North Stander: Town's decade of cup woe demonstrates the divide between club and fans
- Credit: PAGEPIX LTD
Northstander Terry Hunt looks at Ipswich Town’s ten years of woe in cup competitions - and why the continued failure matters so much for supporters.
It’s now ten years to the day since Ipswich Town fans have been able to enjoy the excitement of a cup run.
Yes, we’ve endured a whole decade of embarrassment and humiliation in cup competitions since January 2011, when Town memorably took on Arsenal in the two-leg semi-final of the League Cup.
Blues supporters will look back to those games with huge fondness and pride: Tamas Priskin’s first-leg winner at Portman Road, followed two weeks later by 7,000 Town fans travelling to the new and impressive Emirates Stadium for the second game.
Ok, we lost eventually, but it was a great night out for Tractor Boys and Girls. Such a fantastic feeling of camaraderie.
Suddenly, we were back in the national headlines. Deliciously, Arsenal skipper Cesc Fabregas accused us of playing “rugby” in the first leg. Oh, how we laughed. Sore loser, Cesc? It was, in summary, a whole load of fun. Only cup runs can do that.
Since then, there’s been nothing but misery in the two main English cup competitions, the FA Cup and the League Cup.
Shockingly, we haven’t once managed to get past the third round of the FA Cup, and our best performance in the League Cup is reaching the third round in 2015, when we lost 3-0 to Manchester United at Old Trafford.
During the last decade, we have seen a succession of managers field weakened teams in cup matches, while coming out with trite quotes about wanting to win every game.
The result has been a series of defeats at the hands of less than glamorous clubs. We’ve lost to Northampton, Carlisle, Stevenage twice, Accrington and, worst of all, Lincoln when they were a non-league team. I’m sure I don’t need to remind you that the nation’s football followers were watching that humiliation on BBC TV.
Yes, it’s been truly awful. Of course, we understand that the league is the clear priority. But we haven’t exactly been pulling up too many trees in the league either!
For me, it sums up the gap which has developed between football clubs and their fans. Those who run football don’t understand why supporters love cup runs so much.
The answer lies in the excitement, the potential of a glamour tie, the prospect of a big afternoon or evening out in the company of thousands of like-minded supporters.
Cup games have become something to dread for Ipswich supporters, not only because we fear humiliation, but also because these matches have tended to act as a real brake on our whole season.
Often it seems cup games come along during a decent league run. We then struggle in the cup match, lose, and it affects our league form.
I was told a few years ago that bonuses for winning early rounds in the cups were peanuts in footballing terms at Ipswich Town. I have no reason to believe that’s changed. What kind of message does that send to players about the club’s priorities?

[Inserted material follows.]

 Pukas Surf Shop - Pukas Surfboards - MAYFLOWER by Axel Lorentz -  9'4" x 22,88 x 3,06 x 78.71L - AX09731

Meanwhile, almost every season, at least one team from the lower leagues enjoys the excitement of a cup run - a distraction from the humdrum fare of the league.

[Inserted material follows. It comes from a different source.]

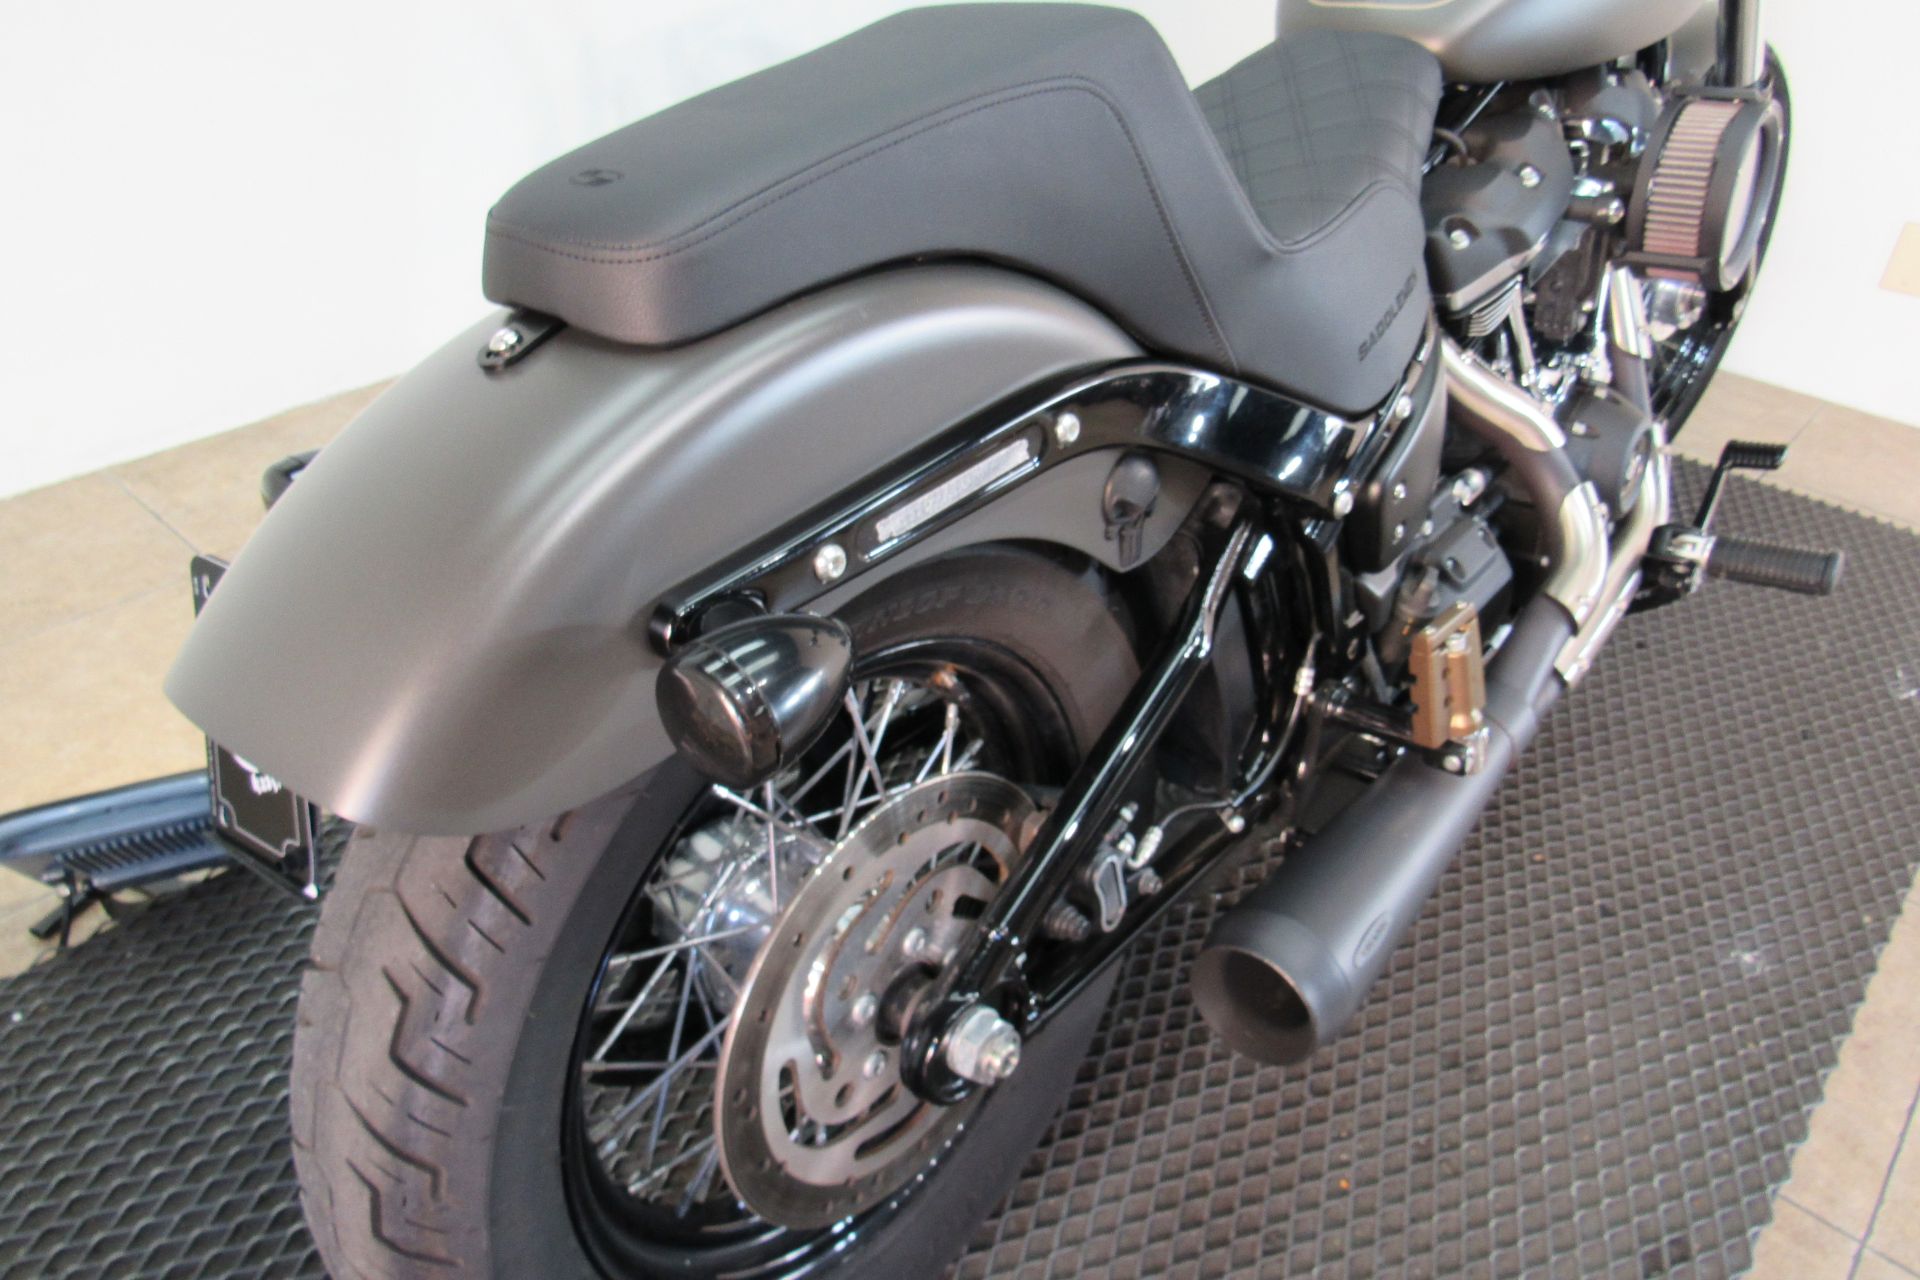 2019 Harley-Davidson Street Bob® in Temecula, California - Photo 25

There is another reason why cup games are so important for supporters. It’s because they can create precious, treasured memories for life.
I will give you a very personal, quite emotional example. I went to the Emirates ten years ago with my two lads, Tom and Ben, and my football-mad sister-in-law Hannah and one of her sons, George.

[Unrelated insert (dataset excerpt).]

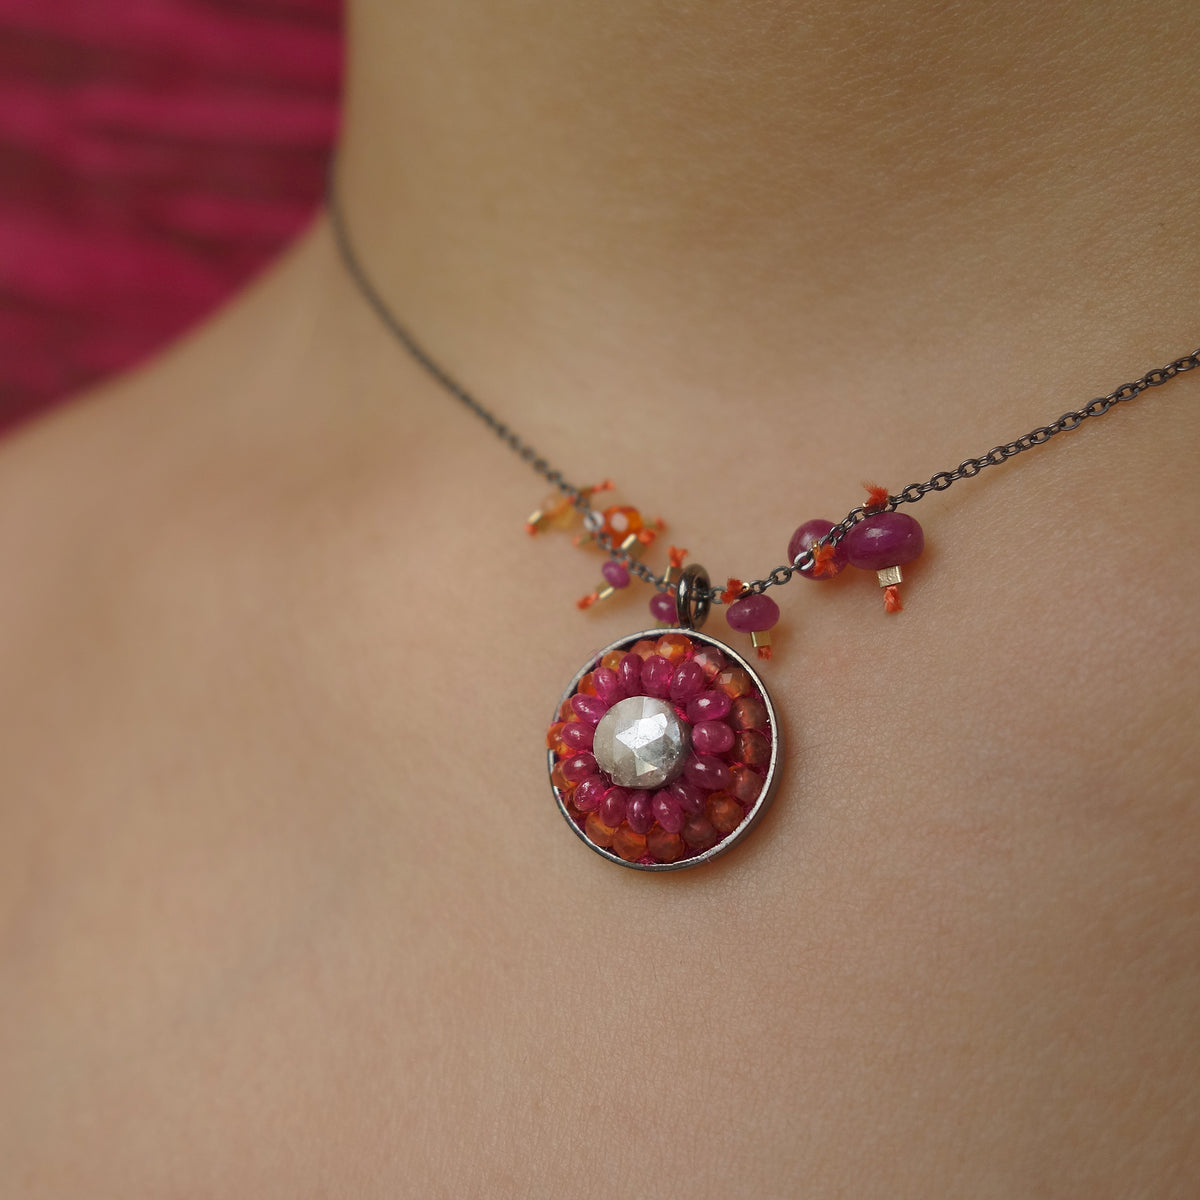 Sunrise, Sunset silverite, ruby, and carnelian necklace

It was a great evening, full of excitement. We loved our trip to the Emirates, a shiny and new footballing cathedral.
Yes, we lost the game, but that really didn’t matter. We had watched our team do themselves proud against mighty Arsenal. We had shared the companionship of thousands of Blues supporters.
Hannah didn’t go to many more Town games. Little more than a year later, she was diagnosed with a brain tumour. She died on January 12, 2015 - four years to the day after the unforgettable Tamas Priskin goal.
The Arsenal trip gave us all a treasured memory of a loved one, having fun, proudly following her team at the home of one of the world’s biggest clubs. Precious. That’s why cup games like that one matter.
So, please, Paul Lambert and co. When it comes to next season’s cup games, please put out your strongest team. Please make an effort. You never know - we might win a couple of games and be able to welcome Man Utd, Liverpool - or even Arsenal - to fortress Portman Road!
Let's have some fun, some glamour, some excitement - and let’s have the chance to create more cherished memories.